If your parent is of sound mind and can distinguish right from wrong, good from bad, nasty from clean, then Crescent Heights is an expensive alternative to at home care.  They do little to nothing to help the residents.  A video exercise class - no live person.  Anyway they can cut costs, guarantee yourself they do it.  And, it's not cheap living there.  On a scale of 1-10, I rate the value at a 4.  And, of course that is if your loved one doesn't contract some illness from the person's room that was cleaned before his/hers.  Very unhygienic.  And, that same person using the unhygenic rags will be serving lunch.  They are an expensive facility that provides little to assist their residents, and could potentially compromise the health of residents due to unsanitary practices.

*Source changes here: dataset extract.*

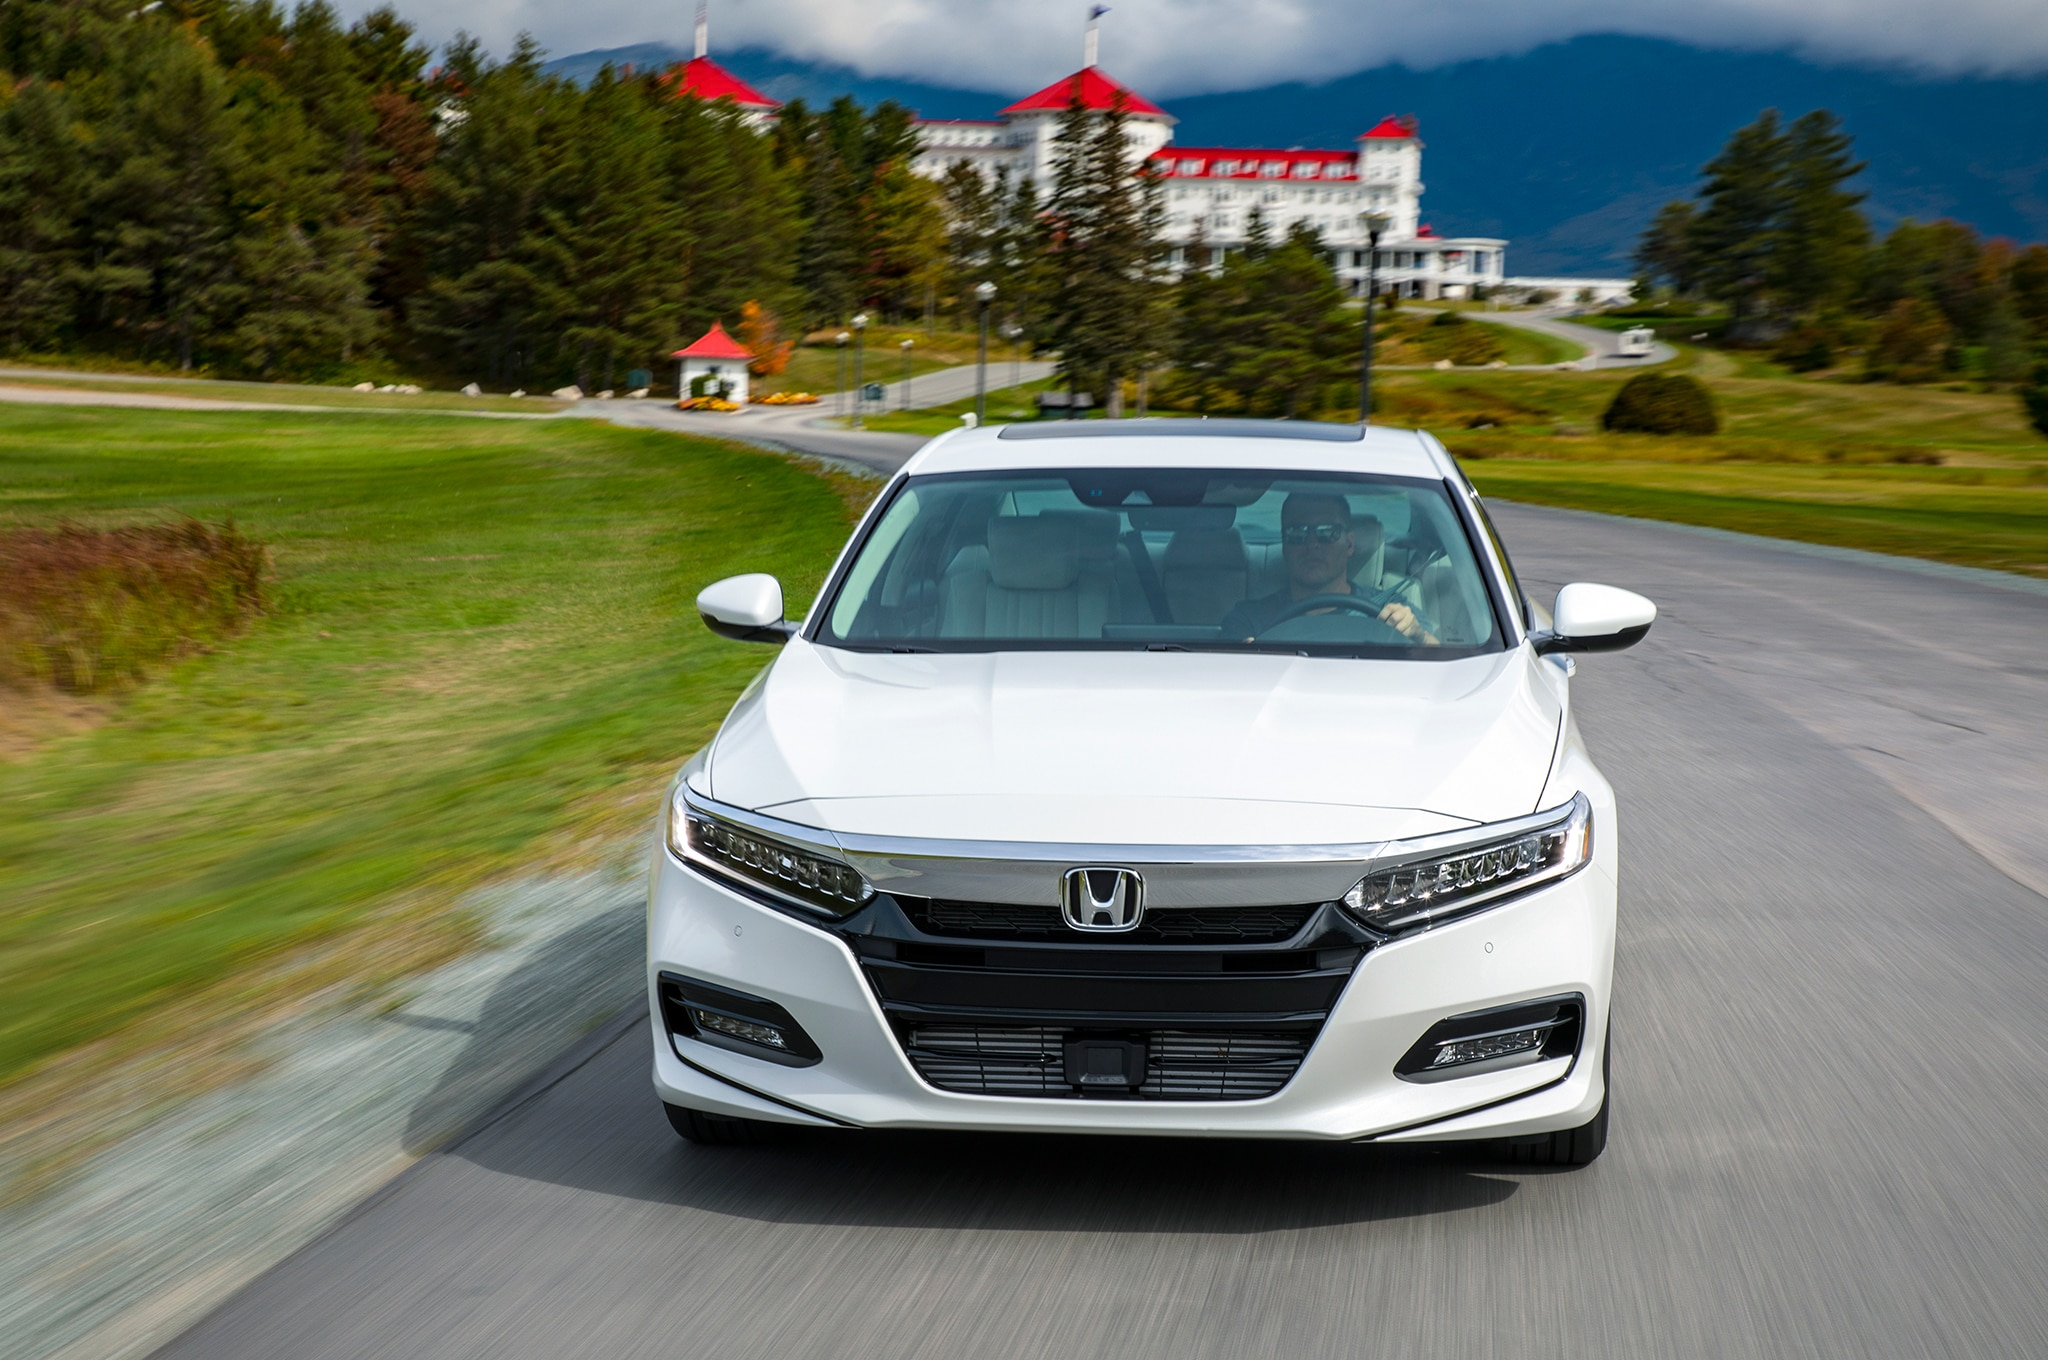 2018 Honda Accord Configurator is Live

* The clincher for me . . . my mother was just beginning to walk with a walker and we would exercise by walking down the hall.  I had to throw some trash in the receptable and I left my mother for less than a minute.  She collapsed - 10 feet from the manager who was rolling yarn at a table with other residents.  The manager never left her chair, never even acknowledged the fact that my mother was lying in the floor.  She never did anything.  THEY DO NOT CARE.  The manager never said a word.  She did absolutely nothing as I struggled to get my mother to her feet, on her chair, and back to her room.  And, the Crescent Heights 'official' wondered where my resentment stemmed from . . . a manager allowed my mother to lay in the floor.  Didn't offer help, or offer to phone for help.  Just ignored her.  Had I not been there, my mother would have been without assistance.  That is Crescent Heights.

I feel badly for the elderly there who have no one to look out for them.  Crescent Heights puts on a good show, but that is all it is . . . a show.

My mother is no longer there, and I am ever so glad.  I think other should know what I and my mother experienced from Dec 2012 to May 2014.  Make sure your parent can care for themself, because the attention and care they get at Crescent Heights is disappointing (and potentially dangerous - bacteria and virus are spread by using unclean rags from one room to the other.)  

I hope my experience sheds some light on the fluff management presents when you visit for the first time.  My family was fooled, and we wouldn't have known better had my mom not needed my help where I was there with her 16 out of 24 hours a day.  I saw what was going on first hand.  My mother is at a much better place now.  Don't be fooled.  We were.